Please print the entries below exactly, from the line with "De äldre varianterna" through the line with "Eine schöne Landschaft", including both of those lines and leaving out all others.

═══ RECORDS PROVIDED ═══

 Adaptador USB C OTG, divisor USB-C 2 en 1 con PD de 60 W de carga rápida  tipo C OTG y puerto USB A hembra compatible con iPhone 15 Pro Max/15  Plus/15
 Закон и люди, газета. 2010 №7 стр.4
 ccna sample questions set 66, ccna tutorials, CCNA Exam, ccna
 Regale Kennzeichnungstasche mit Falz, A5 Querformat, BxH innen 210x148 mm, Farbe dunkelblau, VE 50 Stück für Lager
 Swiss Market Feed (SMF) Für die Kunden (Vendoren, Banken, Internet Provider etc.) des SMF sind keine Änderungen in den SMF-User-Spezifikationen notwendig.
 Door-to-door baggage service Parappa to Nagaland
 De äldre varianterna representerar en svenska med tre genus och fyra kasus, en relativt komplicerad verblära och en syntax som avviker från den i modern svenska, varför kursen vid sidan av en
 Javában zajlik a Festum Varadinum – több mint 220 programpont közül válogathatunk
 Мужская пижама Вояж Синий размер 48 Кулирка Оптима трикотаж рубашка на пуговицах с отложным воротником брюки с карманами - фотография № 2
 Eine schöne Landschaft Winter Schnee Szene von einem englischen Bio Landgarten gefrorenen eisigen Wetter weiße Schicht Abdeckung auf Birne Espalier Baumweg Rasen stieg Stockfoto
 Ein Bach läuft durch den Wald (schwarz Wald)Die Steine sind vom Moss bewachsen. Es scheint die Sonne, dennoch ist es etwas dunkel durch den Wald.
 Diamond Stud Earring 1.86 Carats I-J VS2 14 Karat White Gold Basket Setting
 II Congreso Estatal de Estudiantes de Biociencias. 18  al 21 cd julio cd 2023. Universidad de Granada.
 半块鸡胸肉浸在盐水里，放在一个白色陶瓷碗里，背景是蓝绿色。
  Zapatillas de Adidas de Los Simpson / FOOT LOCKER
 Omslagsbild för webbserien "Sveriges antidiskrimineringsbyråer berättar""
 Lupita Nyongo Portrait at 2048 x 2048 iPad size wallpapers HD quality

═══

SOLUTION TO THIS EXERCISE -
 De äldre varianterna representerar en svenska med tre genus och fyra kasus, en relativt komplicerad verblära och en syntax som avviker från den i modern svenska, varför kursen vid sidan av en
 Javában zajlik a Festum Varadinum – több mint 220 programpont közül válogathatunk
 Мужская пижама Вояж Синий размер 48 Кулирка Оптима трикотаж рубашка на пуговицах с отложным воротником брюки с карманами - фотография № 2
 Eine schöne Landschaft Winter Schnee Szene von einem englischen Bio Landgarten gefrorenen eisigen Wetter weiße Schicht Abdeckung auf Birne Espalier Baumweg Rasen stieg Stockfoto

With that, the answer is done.